PM Stan. He's a Schwinn expert. He'll know the name of the color, when and where it was built and how much it's worth. Seriously. 

http://forums.roadbikereview.com/member.php?u=275034


----------



## flixnbear (Nov 5, 2004)

Done! Thanks for the tip!

--flix


----------



## Scooper (Mar 4, 2007)

Somebody called?  

The color is "Opaque Blue", and I had a 1973 Super Sport that color that I bought new and put about 10k miles on before it was stolen in 1980.  

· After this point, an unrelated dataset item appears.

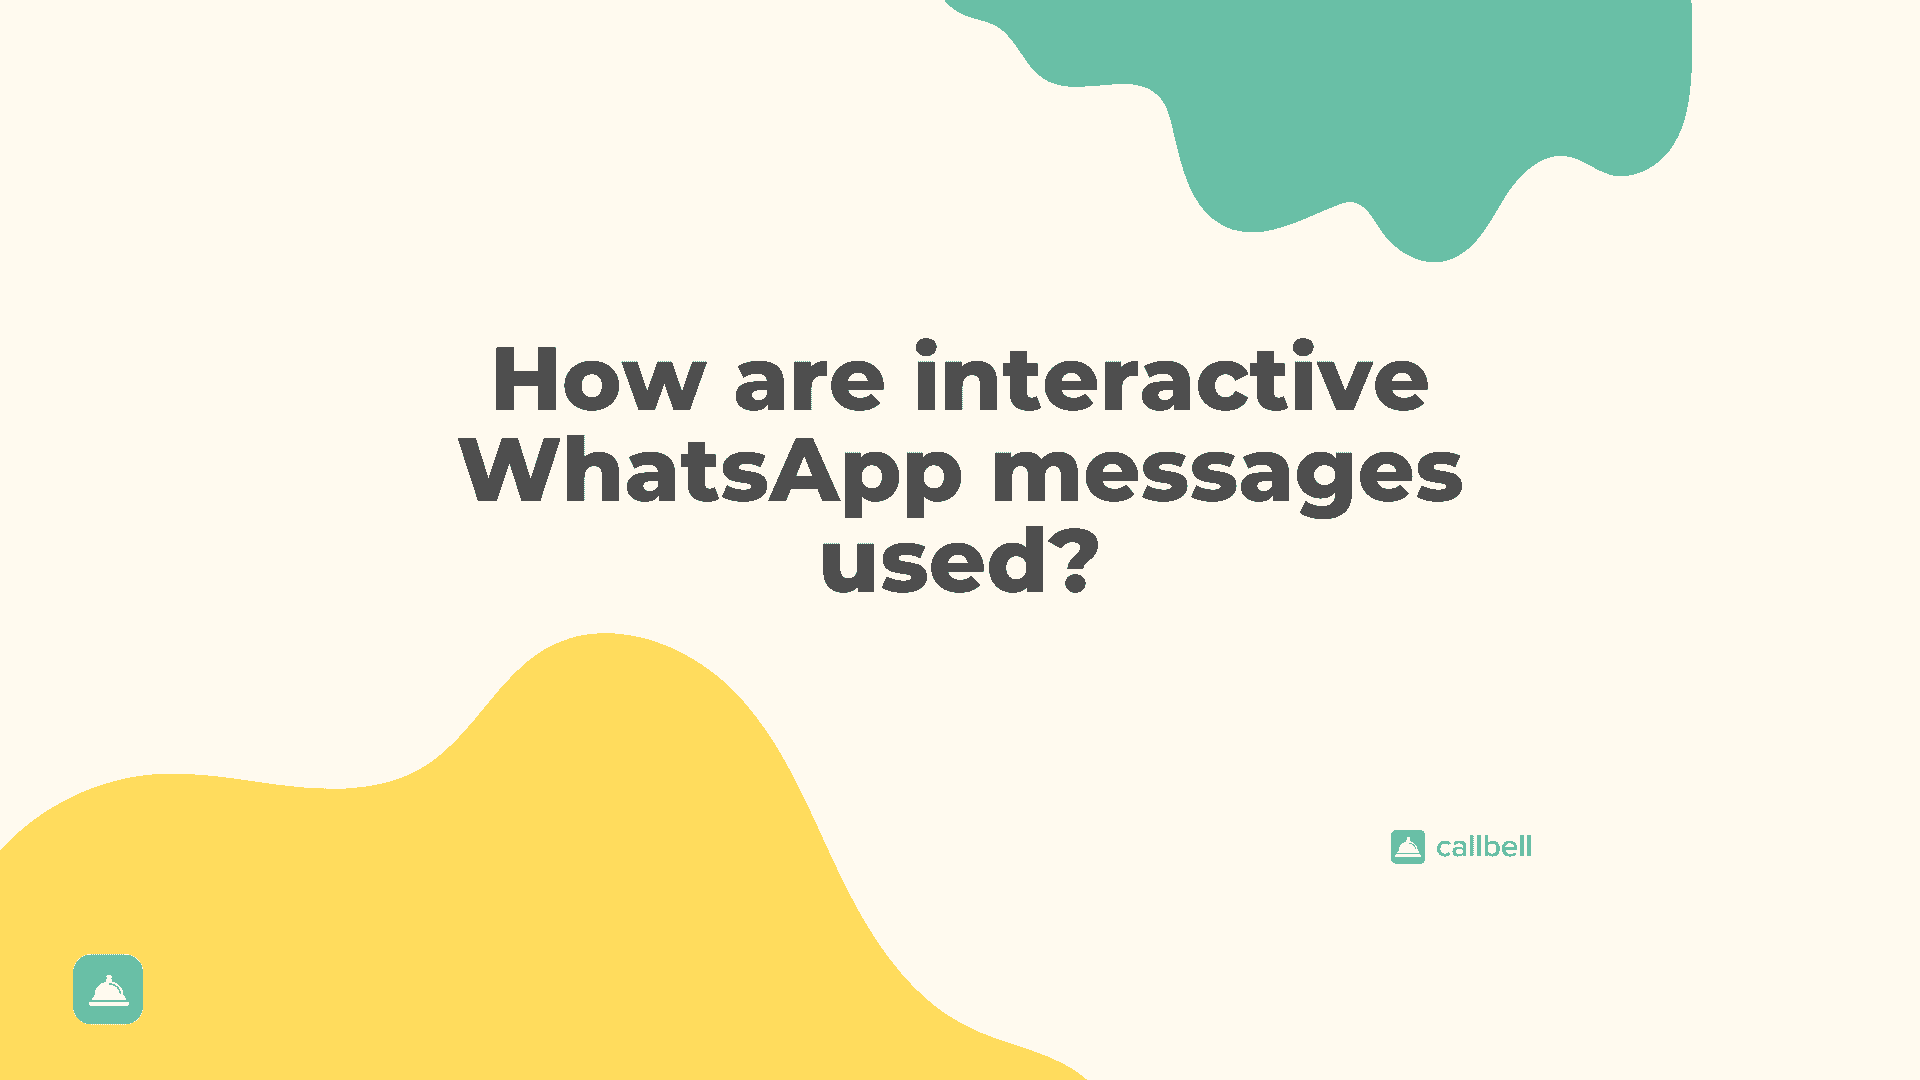 Messaggi WhatsApp interattivi
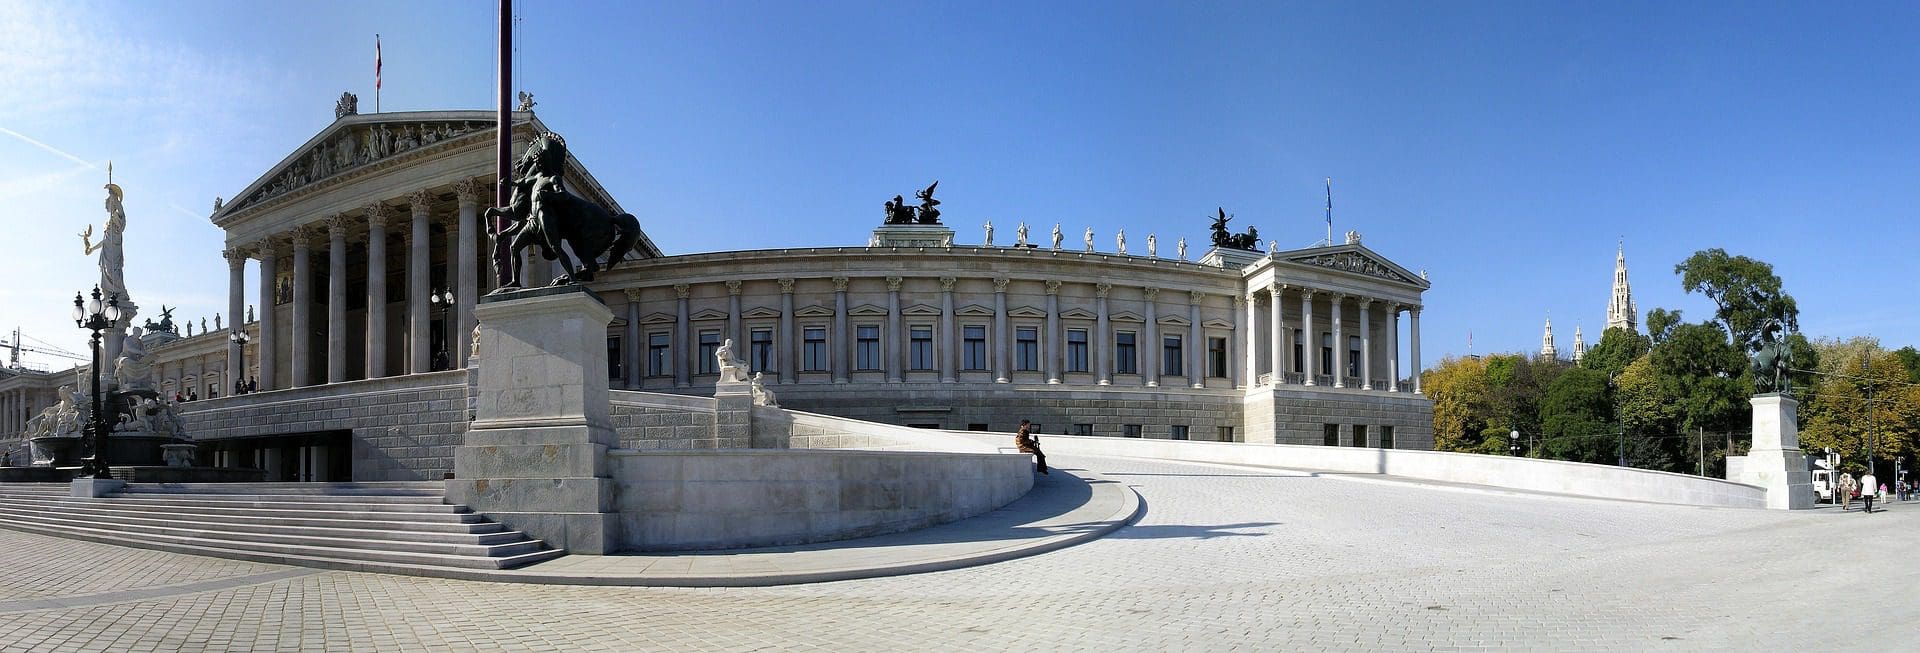 Clădirea Parlamentului din Viena

I believe the last year for the fillet brazed Super Sports was 1973, although the Sports Tourer continued in production for another couple of years. The Sports Tourer also had a fillet brazed chromoly frame like the Super Sport, but had a three piece alloy crank instead of the Ashtabula crank.

The serial number should be located on the head tube just above the lower bearing cup, and the first two letters will tell you the month and year the frame was built. The first letter is the month (A=January, B=February, C=March, D=April, E=May, F=June, G=July, H=August, I=NOT USED, J=September, K=October, L=November, M=December), and the second letter is the year (A=1965, B=1966, C=1967, D=1968, E=1969, F=1970, G=1971, H=1972, I=NOT USED, J=1973, K=1974, L=1975, M=1976, N=1977, O=NOT USED, P=1978, Q=1979, R=1980, S=1981, T=1982).

Because the frames are straight gauge 4130, they're heavier than butted frames but are practically indestructable and are highly desirable to some because they're so rugged. I've seen Super Sports framesets (frame and fork) in decent shape (straight, no dents, negligible rust) go for $250 - $300.


----------



## Scooper (Mar 4, 2007)

Here's the '73 catalog page:


----------



## Scooper (Mar 4, 2007)

And here's the specs page from the '73 Paramount catalog:


----------



## BLUE BOY (May 19, 2005)

Scooper said:


> Here's the '73 catalog page:


 That's neat; I always enjoy reading posts from Scooper.


----------



## flixnbear (Nov 5, 2004)

Well, this one got away. I just sold it an hour ago. Price: $80

I sure wish that I'd visited this forum yesterday :cryin: :cryin:


----------